Expulsions et accueil
Son président, Patrick Peugeot (57), se souvient des mots prononcés par Michel Rocard à l’occasion du cinquantenaire de l’Association : » La France ne peut accueillir toute la misère du monde. » Et il se souvient aussi que Michel Rocard avait ajouté » Mais elle doit savoir en prendre fidèlement sa part. »
Toute politique, y compris sociale, est faite de compromis entre des objectifs antagonistes, sous l’éclairage de valeurs reconnues essentielles, dans des dialogues d’opinions, des échanges entre pouvoirs et contre-pouvoirs. La Cimade se situe comme un contre-pouvoir dans le débat sur la politique à l’égard des migrants.
Le retour à des valeurs humaines de fraternité et de justice pour contrer la négation des valeurs de solidarité
Le statut de témoin libre de sa parole, qu’elle revendique, et sa connaissance aiguë des situations dans lesquelles vivent concrètement les immigrés conduisent l’Association à des positions parfois très critiques à l’égard des lois et des pratiques récentes en France ainsi que projets et décisions de l’Union européenne, contre ce qu’elle stigmatise comme » cette logique sécuritaire à l’oeuvre et cette négation des valeurs de solidarité qui se propage dans notre société « . Elle appelle » au retour à des valeurs humaines de fraternité et de justice qui, seules, pourraient inverser la tendance « .
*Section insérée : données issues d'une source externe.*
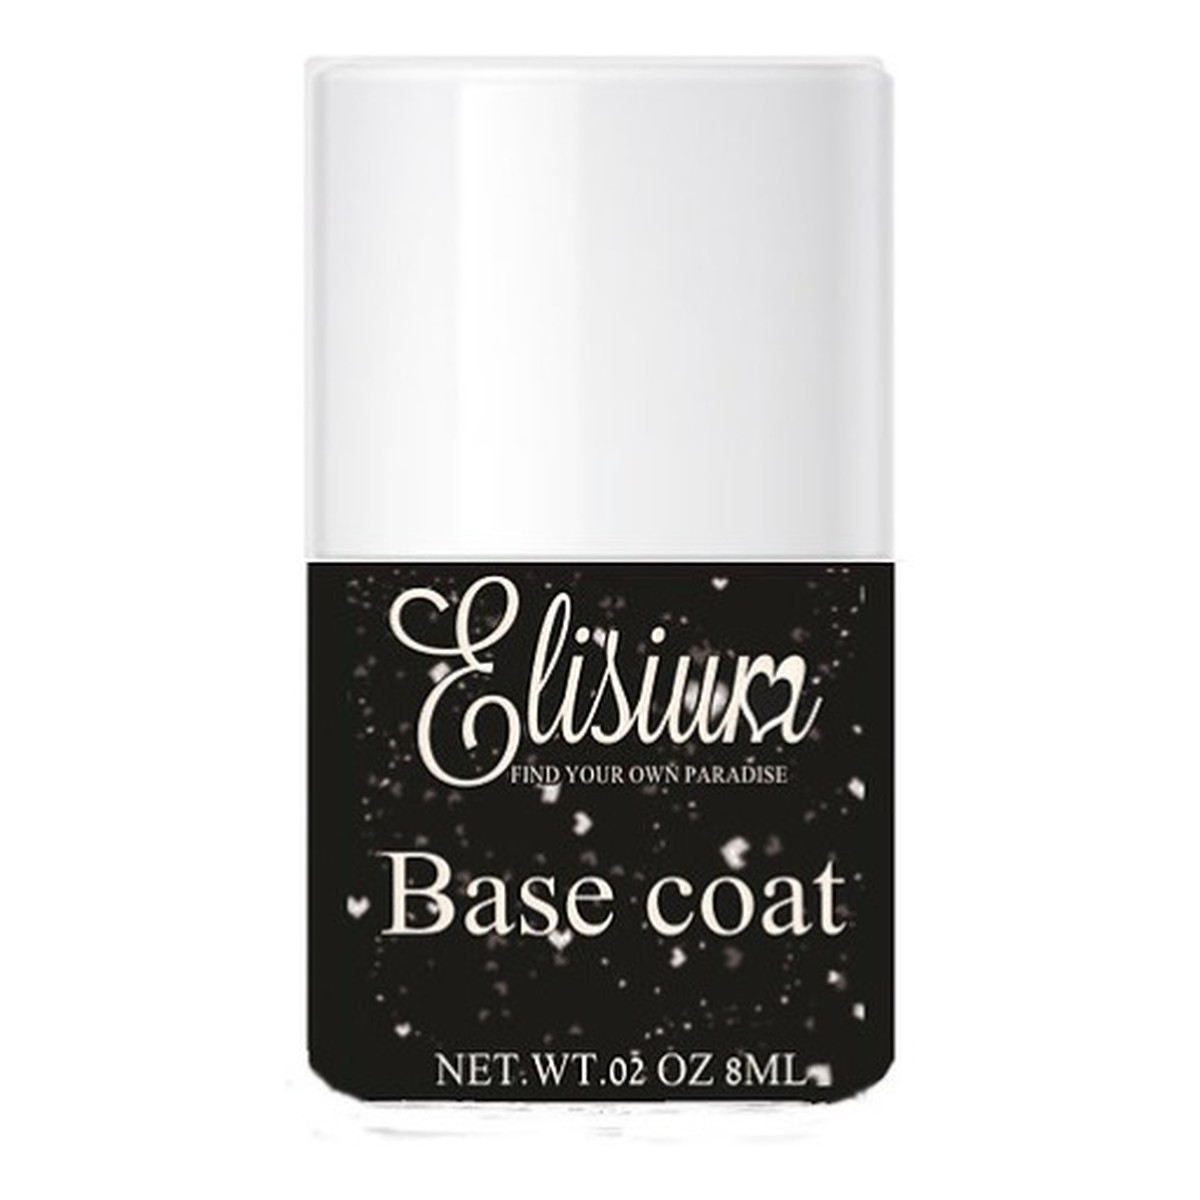 Elisium Base Coat 8ml

Une politique migratoire concertée
» Alors qu’il y a quelques années, plus de la moitié des sans-papiers accueillis parvenaient à être régularisés, aujourd’hui, lorsqu’un bénévole obtient la régularisation d’un individu, cela relativise l’échec des neuf autres… En aucun cas le contrôle des flux migratoires ne peut primer sur le respect des droits humains. Parce que les migrants sont notre monde et qu’ils font celui de demain, La Cimade propose de construire une politique migratoire et d’accueil concertée, qui respecte le droit international, et se fonde sur les principes d’humanité, d’égalité et de justice. »
Des ponts, pas des murs
Et, si elle a aujourd’hui l’âge d’une vieille dame (en septembre 2009, l’Association célébrera ses 70 ans), ses dernières campagnes, contre la » directive de la honte « , en faveur des couples mixtes ou encore au sein du réseau » Des ponts, pas des murs « , ses récents rapports d’observation sur le fonctionnement des centres de rétention, l’afflux des migrants dans ses permanences ou encore le poids politique de ses actions montrent combien l’Association est en prise avec des problématiques qui sont au coeur d’une actualité qui dépasse largement les frontières de l’Hexagone.